Malcolm Sparrow, a professor of public management at Harvard’s Kennedy School and the author, most recently, of License to Steal: How Fraud Bleeds America’s Health Care System, has long argued that government agencies underestimate the scale of a fraud epidemic that he believes costs taxpayers hundreds of billions of dollars annually. His work suggests that better fraud control systems can help significantly trim government budgets without impacting services. Such ideas are of peculiar importance in this era of public-sector austerity.
I recently spoke with Sparrow by phone about prospects for improving audits, the value of transparency in stimulus spending and what investigators can learn from chess strategy. Below is an edited transcript of our conversation. —Sasha Abramsky
Do you have a sense of the exact scale of Medicare fraud and, more generally, healthcare fraud today?
No, we don’t. It’s not because we don’t know how—we absolutely do. Basically, the audits they’re using on a random sample are nothing like fraud audits. The difference between a fraud audit and a medical review audit—a medical review audit, you’re taking all the information as if it’s true and testing whether the medical judgment seems appropriate. You can use these techniques to see where judgments are unorthodox or payment rules have not been followed, but almost nothing in these methods tests whether the information you have is true.

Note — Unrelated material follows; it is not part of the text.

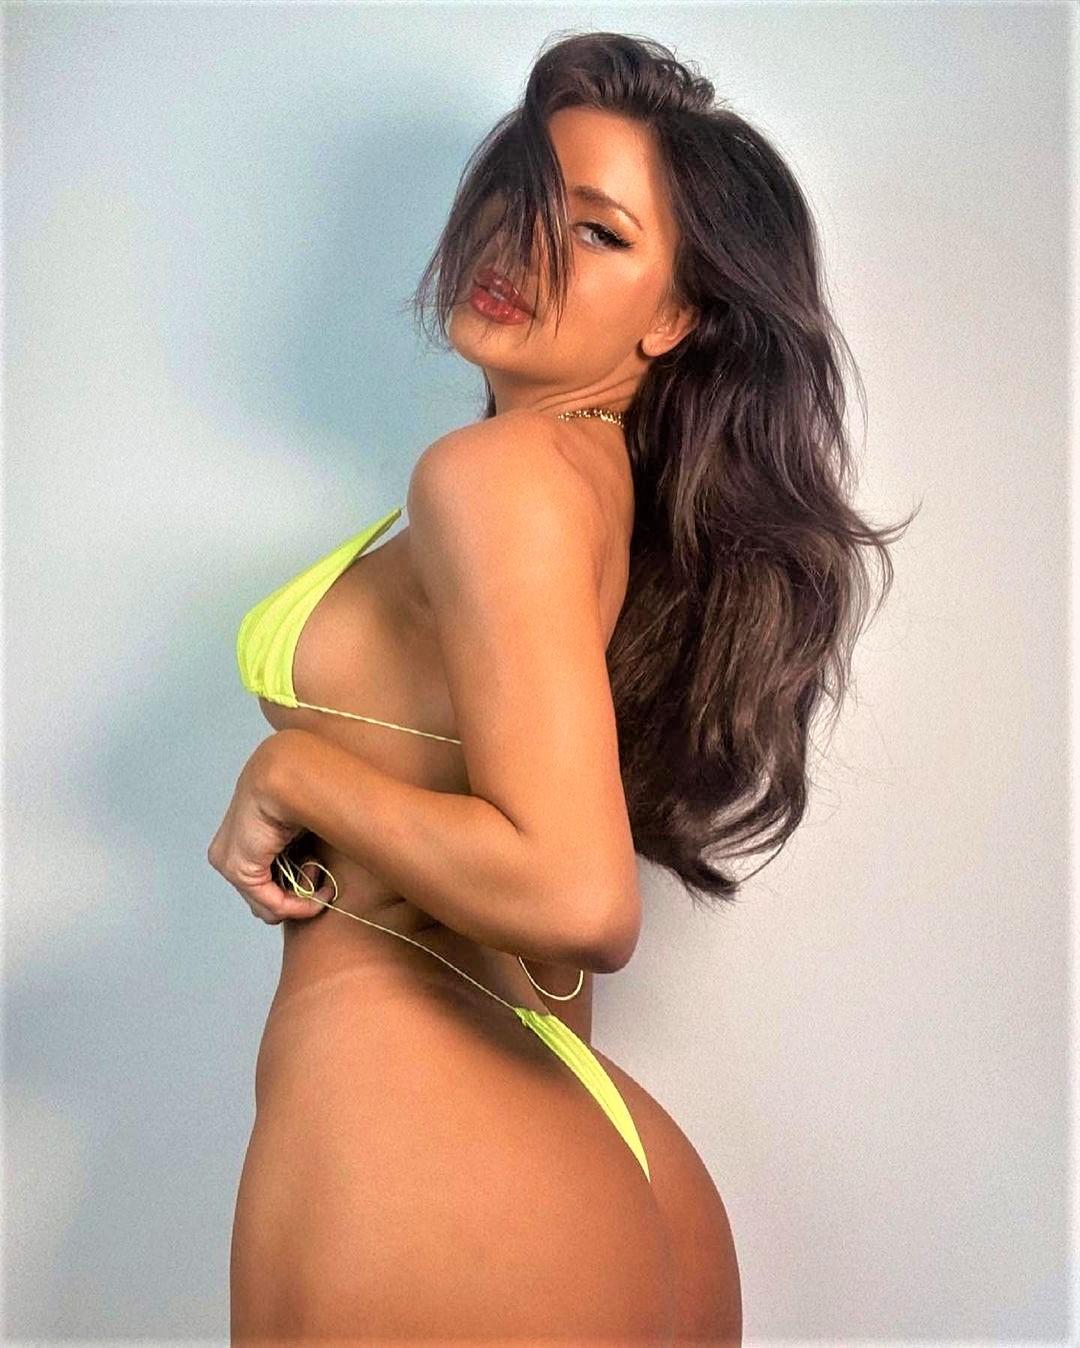 brazilian american women

These fraud perpetrators know the value of the sweet spot; they aim their claims dead center, right in the middle of medical orthodoxy. It looks kosher every step of the way—except it’s not true. It’s an inflated procedure, or one that wasn’t done, or an entire medical episode is being created and a completely fake diagnosis has been put on a patient’s record. The stories are legion of people getting a Medicare explanation of benefits statement saying “We’ve paid for this operation in Colorado.” And those people have never been in Colorado. And when you complain about it, nobody seems to care. There’s not enough capacity in the system to investigate.
You’ve said that we might have to jack up the investigative resources within Medicare to 2 percent of the total to protect the integrity of the other 98 percent.
The average spending on medical integrity across the system is somewhere between one- and two-tenths of 1 percent of what the program costs. Meanwhile, [there] could be an 8 to 10 percent loss rate, and if you did the measurements it’d probably be much worse than that. We’ve seen some segments go completely rotten—95 percent. What often happens is that everybody knows a segment has gone bad; it might be DME [durable medical equipment] in Florida, or home healthcare in Texas, or community mental health clinics in Florida. For a good long time it was HIV infusion therapy. Then the authorities wake up and make one criminal case against one person, at which point you can sometimes see the whole billing for this procedure drop off by more than 90 percent. This tells you something about the level to which such practices had become widespread before law enforcement paid attention.